**RECORDED INFORMATION**
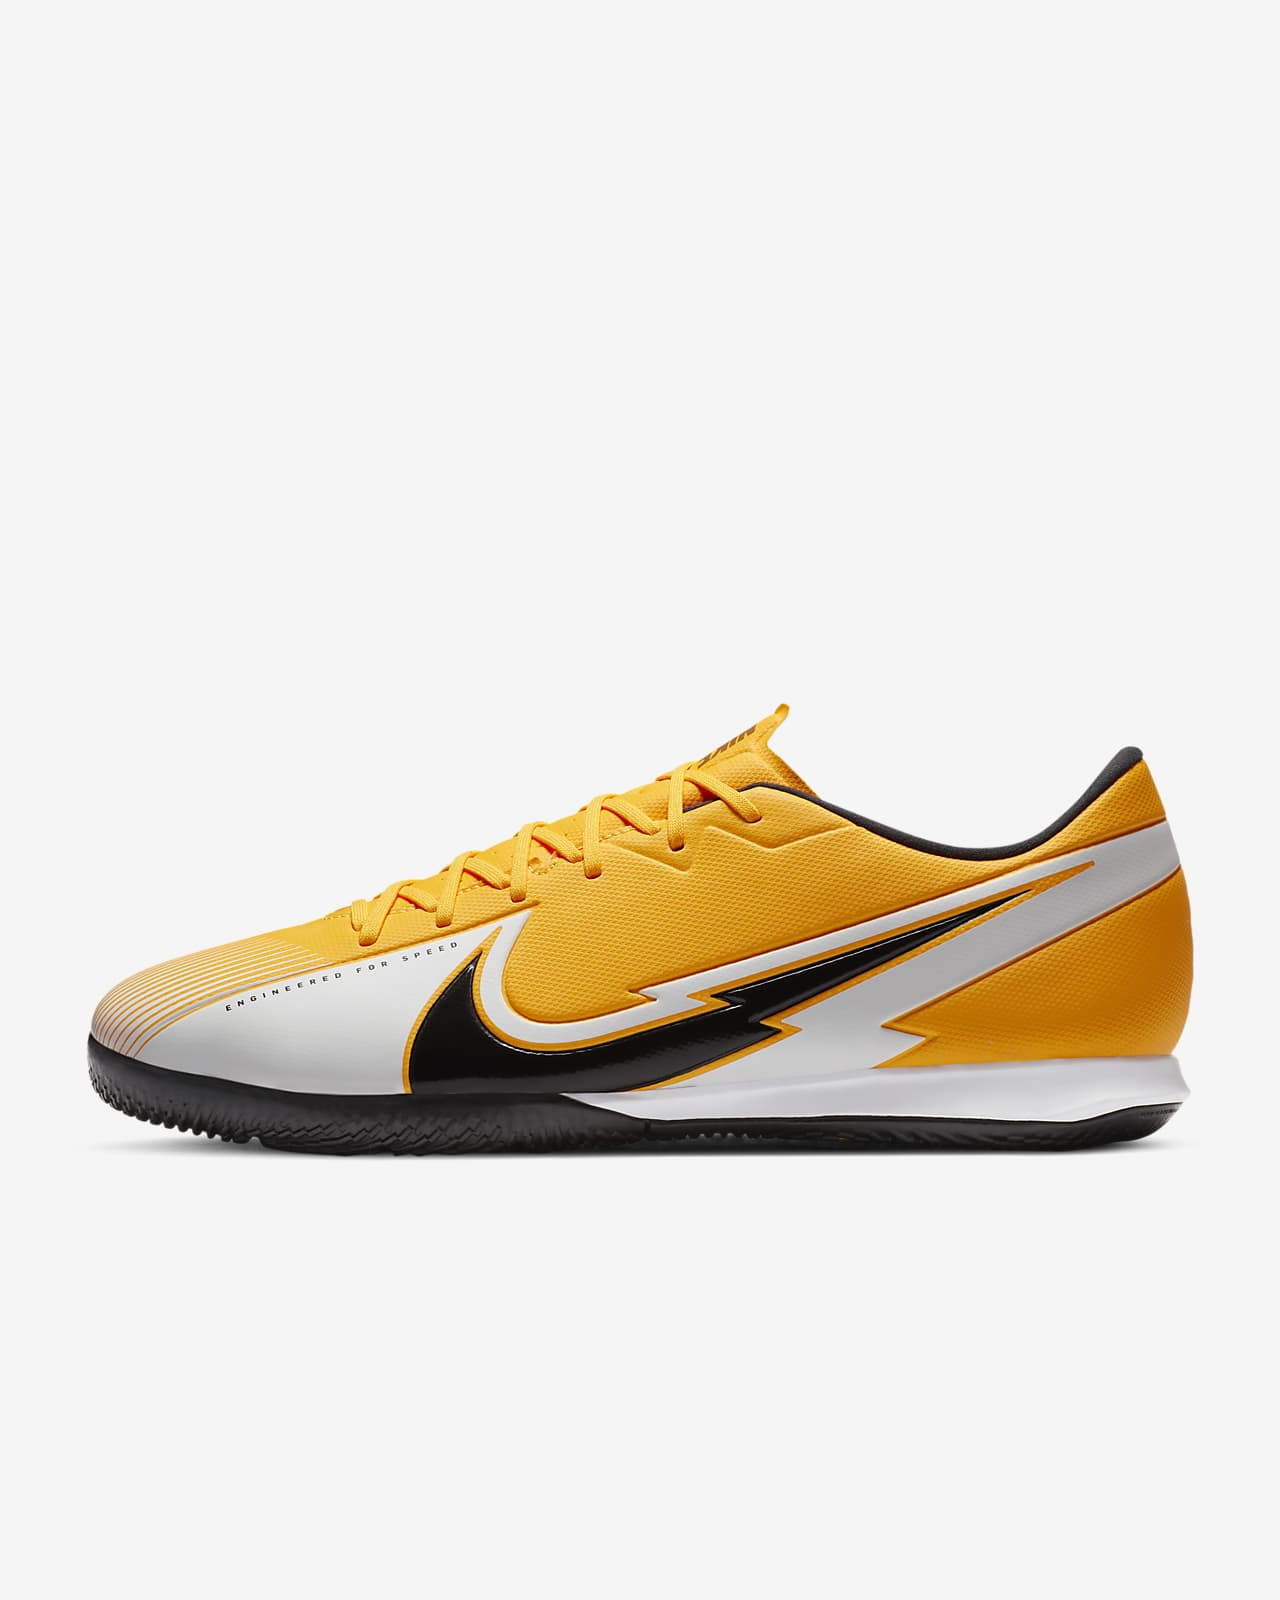 Halowe Buty Pilkarskie Nike Mercurial Vapor 13 Academy Ic Nike Pl
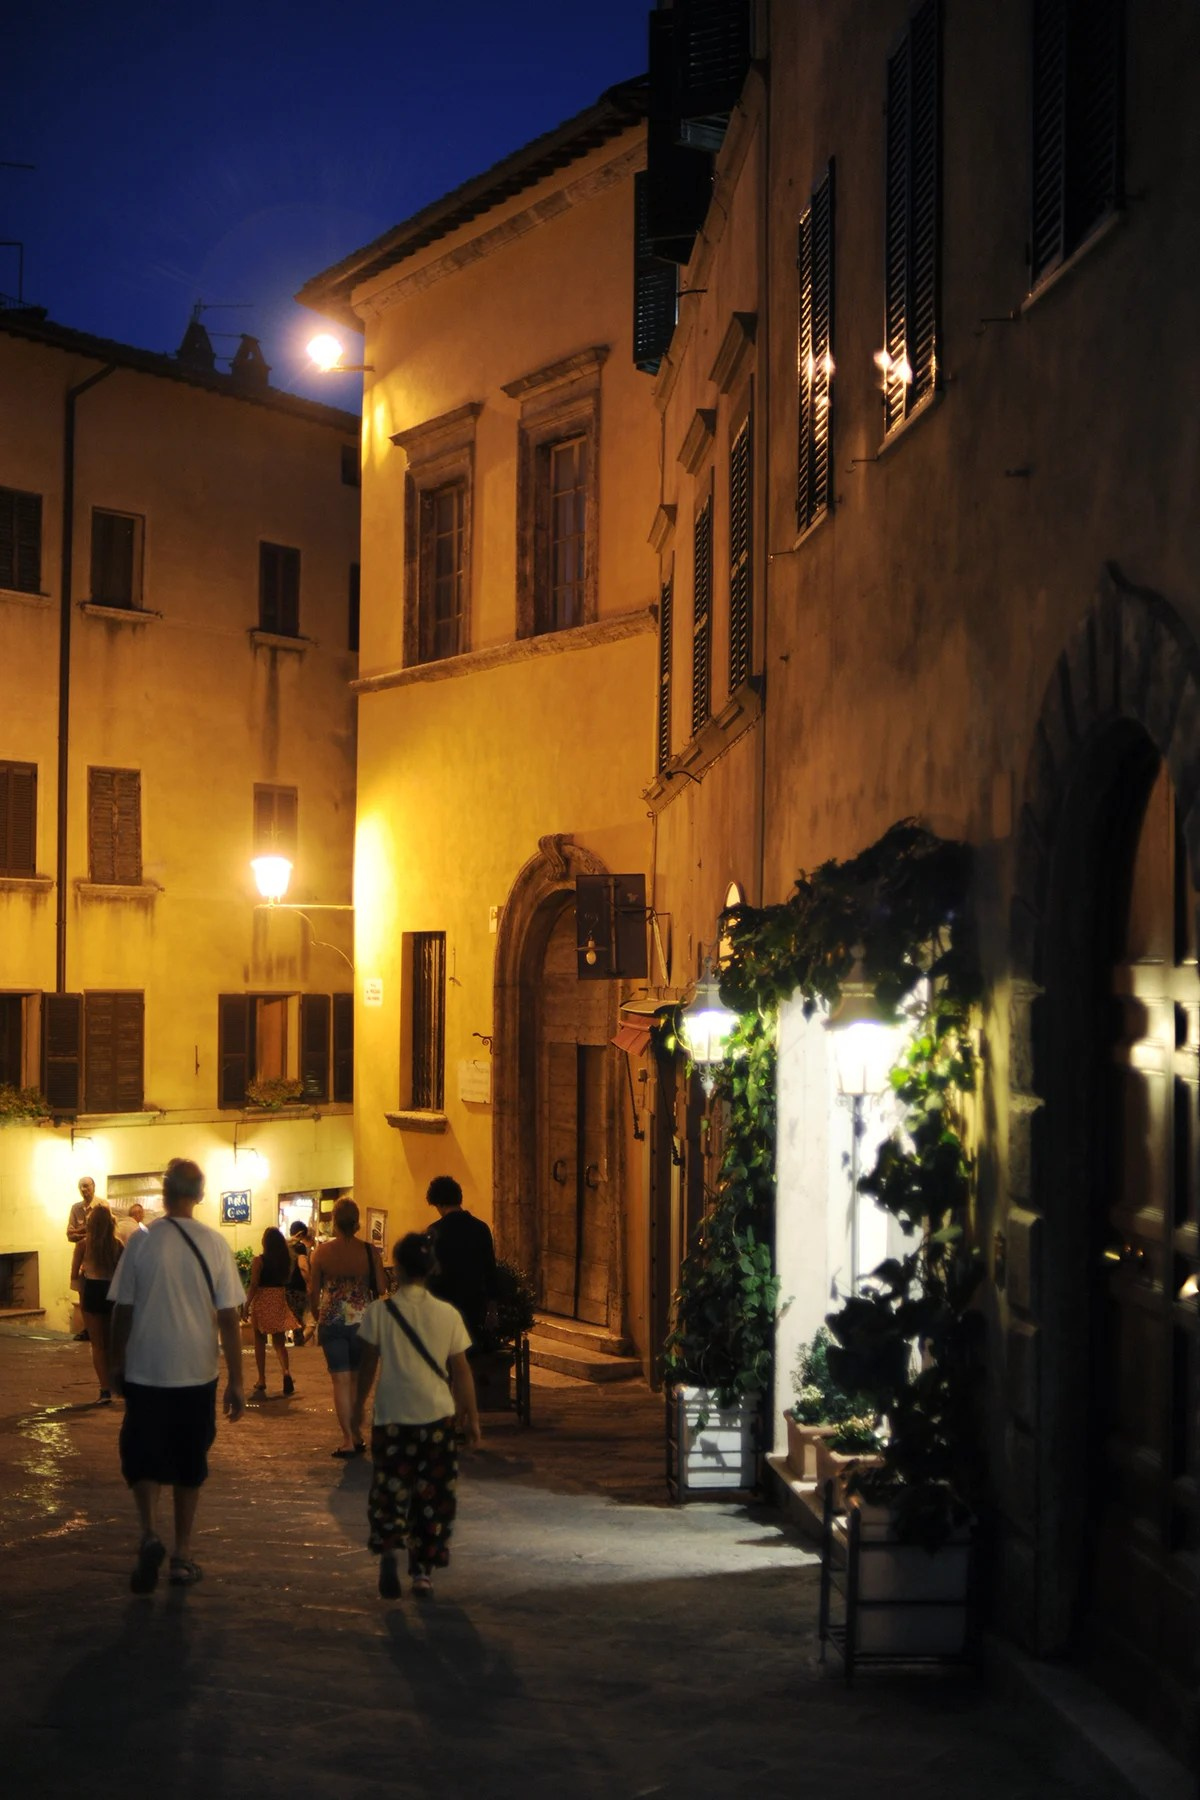 montepulciano italy tuscany villages
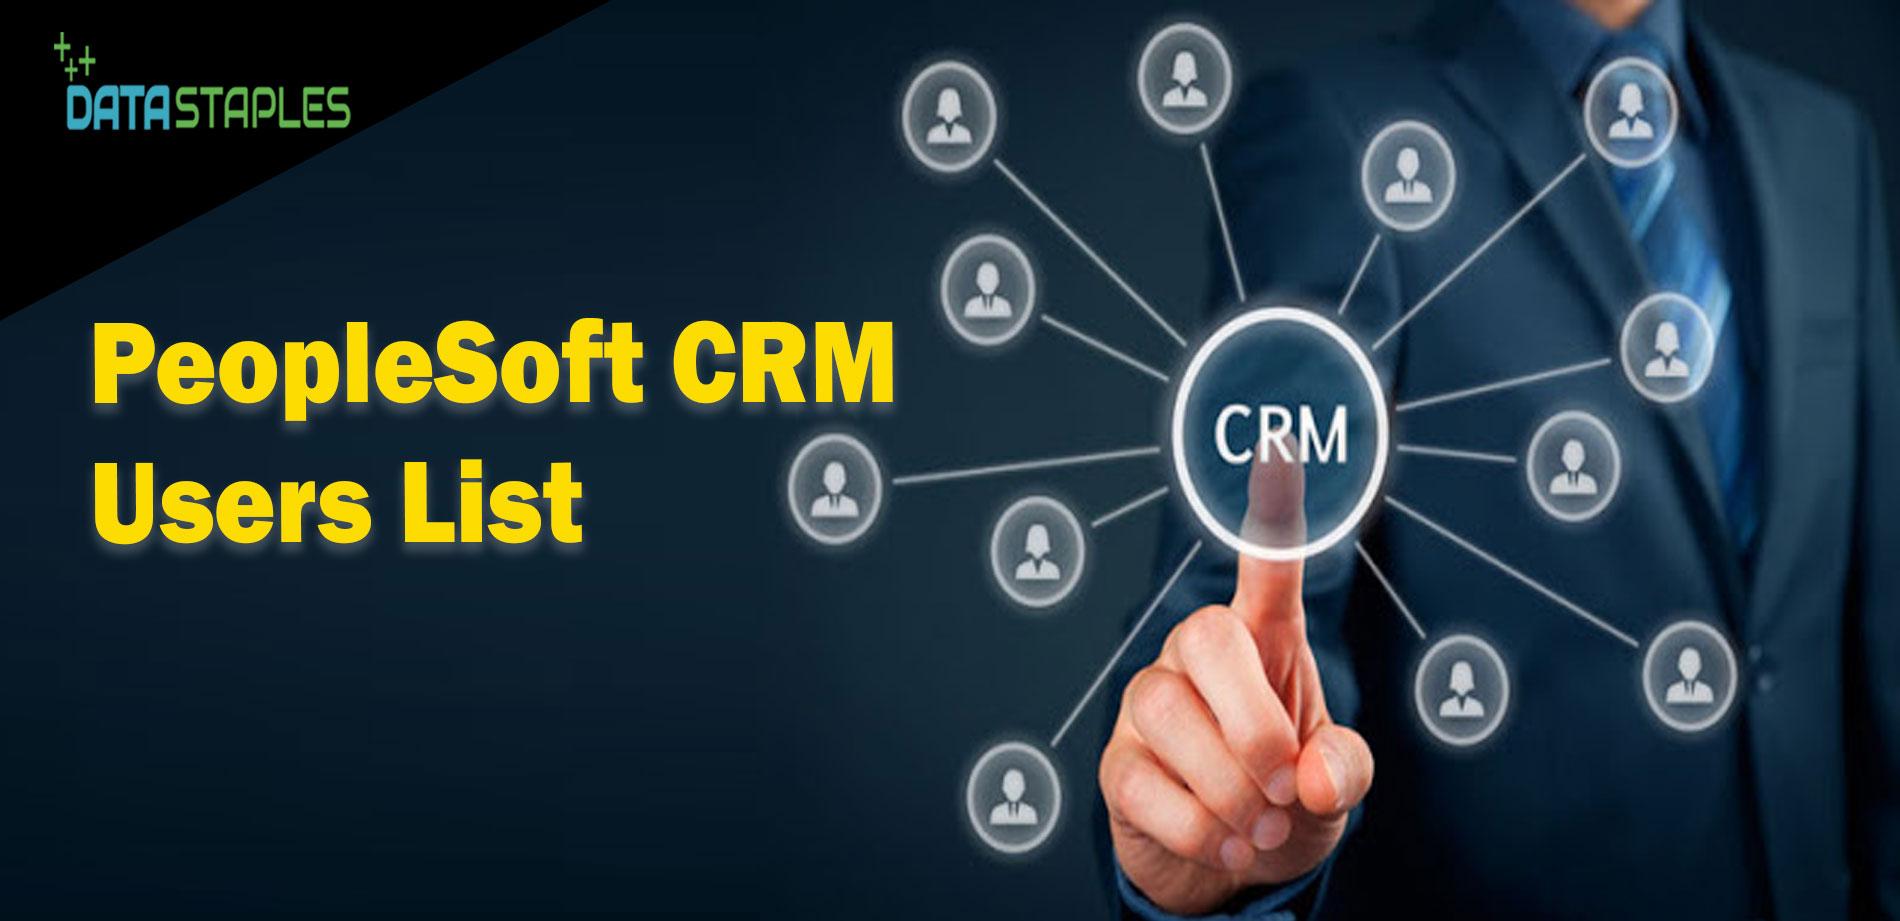 PeopleSoft CRM Users Mailing List | DataStaples

**WHAT TO WORK ON**
Repeat the listing in full and to the letter, excluding every image.

**SOLUTION TO THE PROBLEM**
 Halowe Buty Pilkarskie Nike Mercurial Vapor 13 Academy Ic Nike Pl
 montepulciano italy tuscany villages
 PeopleSoft CRM Users Mailing List | DataStaples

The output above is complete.